Locution (from Latin locutio, -onis, a "speaking" < loqui "speak") is a paranormal phenomenon or supernatural revelation where a religious figure, statue or icon speaks, usually to a saint. Phenomena of locutions are described in the lives of Christian saints such as Saint Mary of Egypt (5th century), who heard the locution from the Icon of Virgin Mary at the Holy Sepulchre or in case of the Saint Henry of Coquet Island (d. 1127) who experienced the locution from the figure of Christ crucified.

==Locutions in Christianity==

The Oxford Dictionary of Saints (1978) reports the locution phenomenon in the life of St. Henry of Coquet (p. 189), a Dane by birth, who was a hermit on an island off the British coast by Tynemouth:

"After some years, a party of Danes tried to persuade him to return to his own country, where there was no lack of sites suitable for hermits. But after a night in prayer and experience of a locution from the figure of Christ crucified, he decided to stay on.

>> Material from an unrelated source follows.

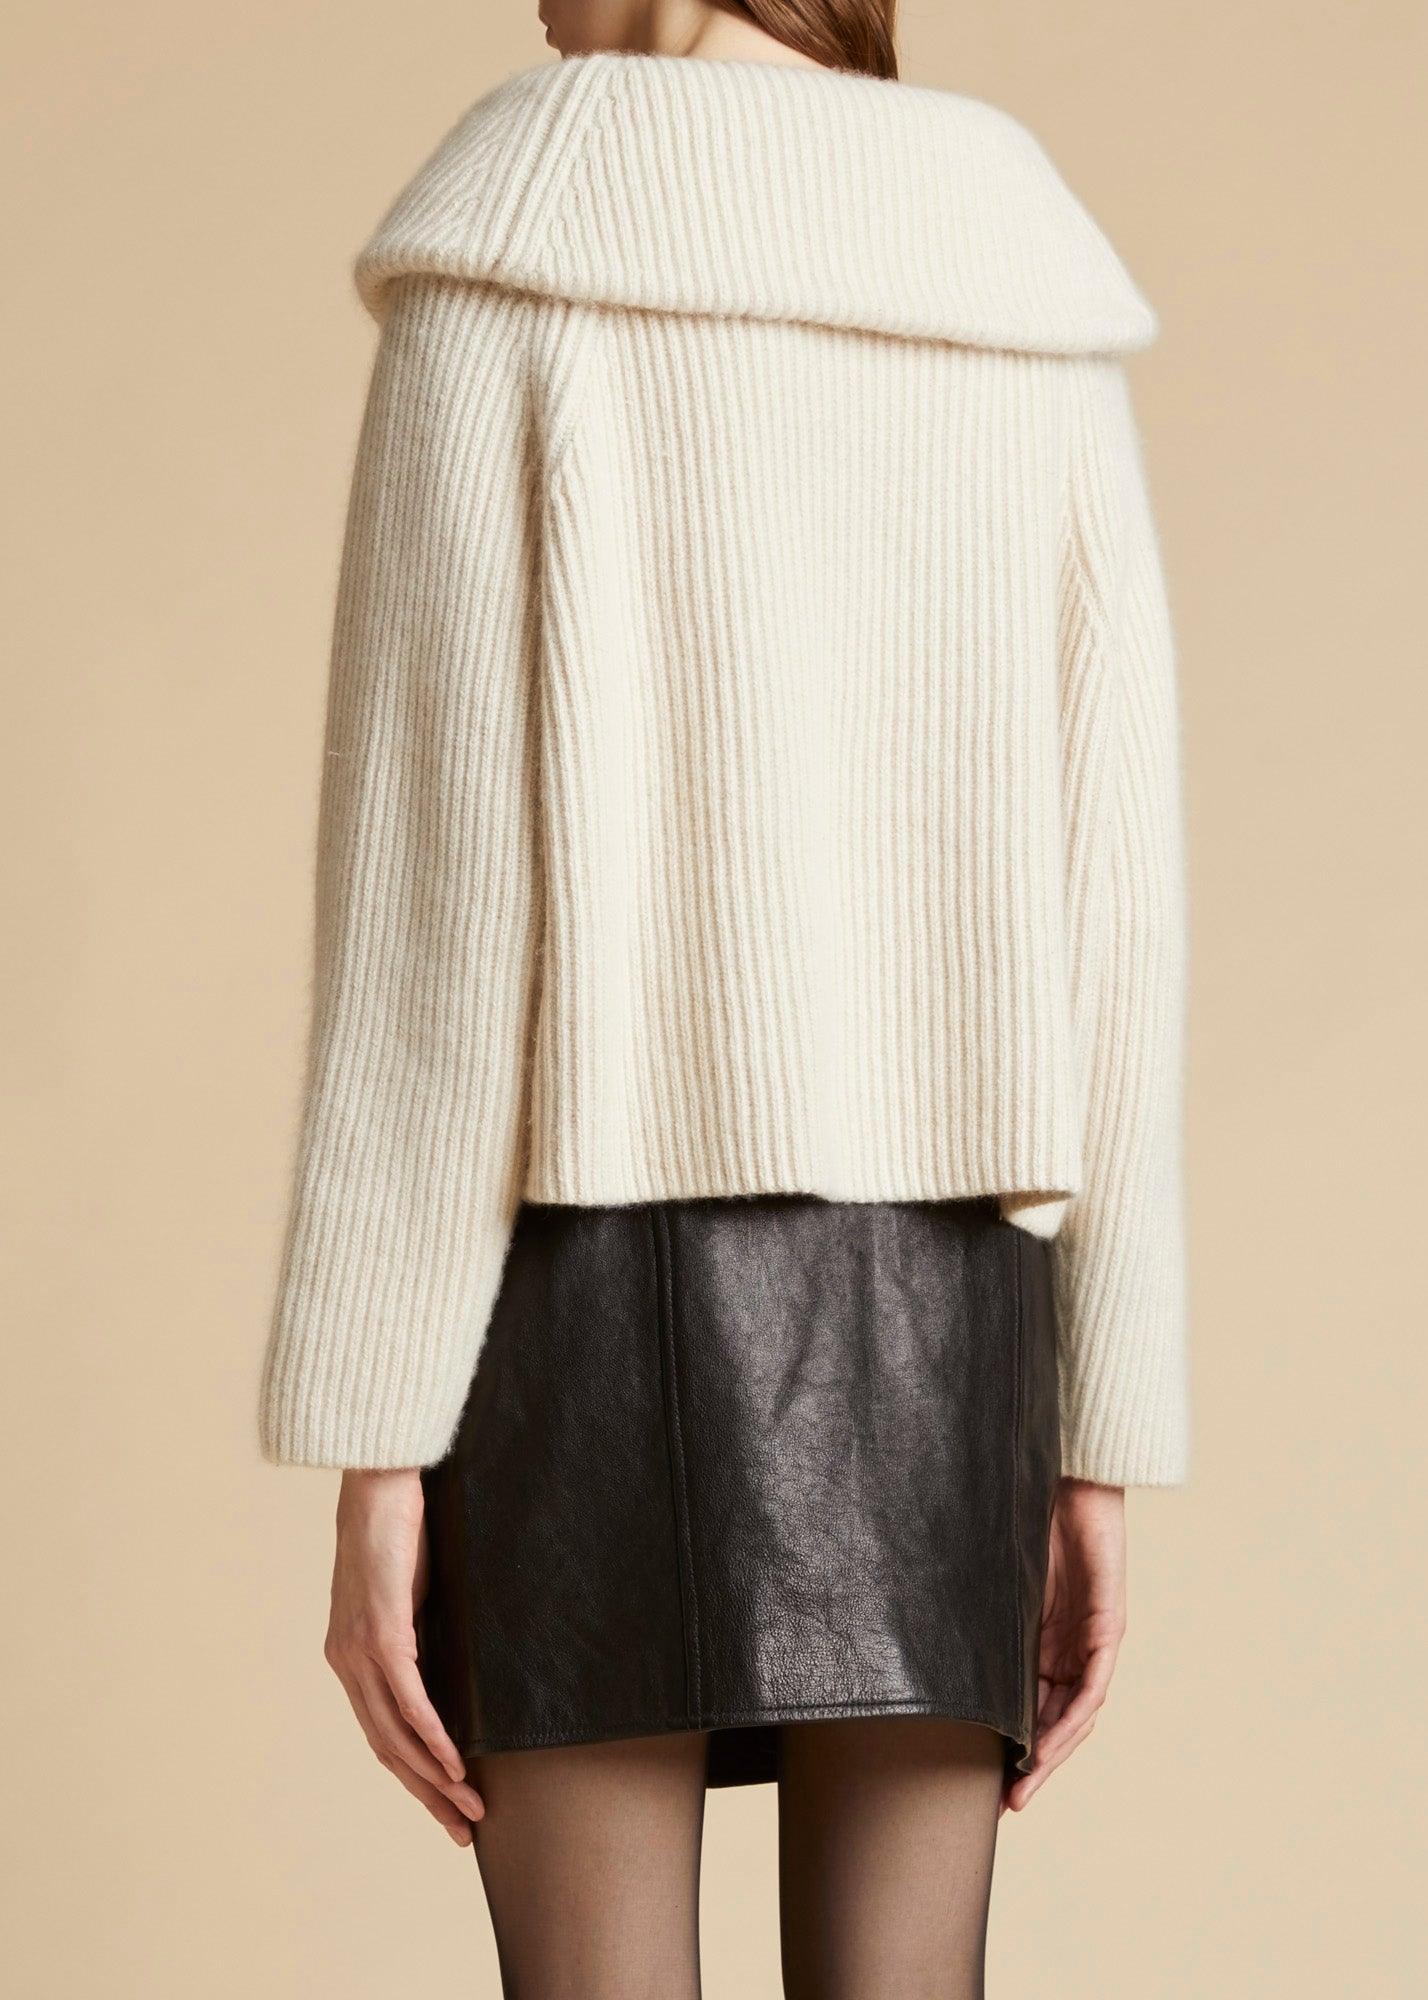 The Raisa Sweater in Magnolia - The Iconic Issue

As his holiness became known, visitors became numerous, attracted by his special gifts of prophecy, telekinesis and reading the secrets of hearts".

Similarly, a comparable instance of locution is recounted in the life of Saint Mary of Egypt (p. 271, same edition):

"Once at Jerusalem, she was held back from entering the church with the other pilgrims by an invisible and irresistible force. Lifting her eyes to an icon of the Blessed Virgin, she was told to go over the Jordan where she would find rest".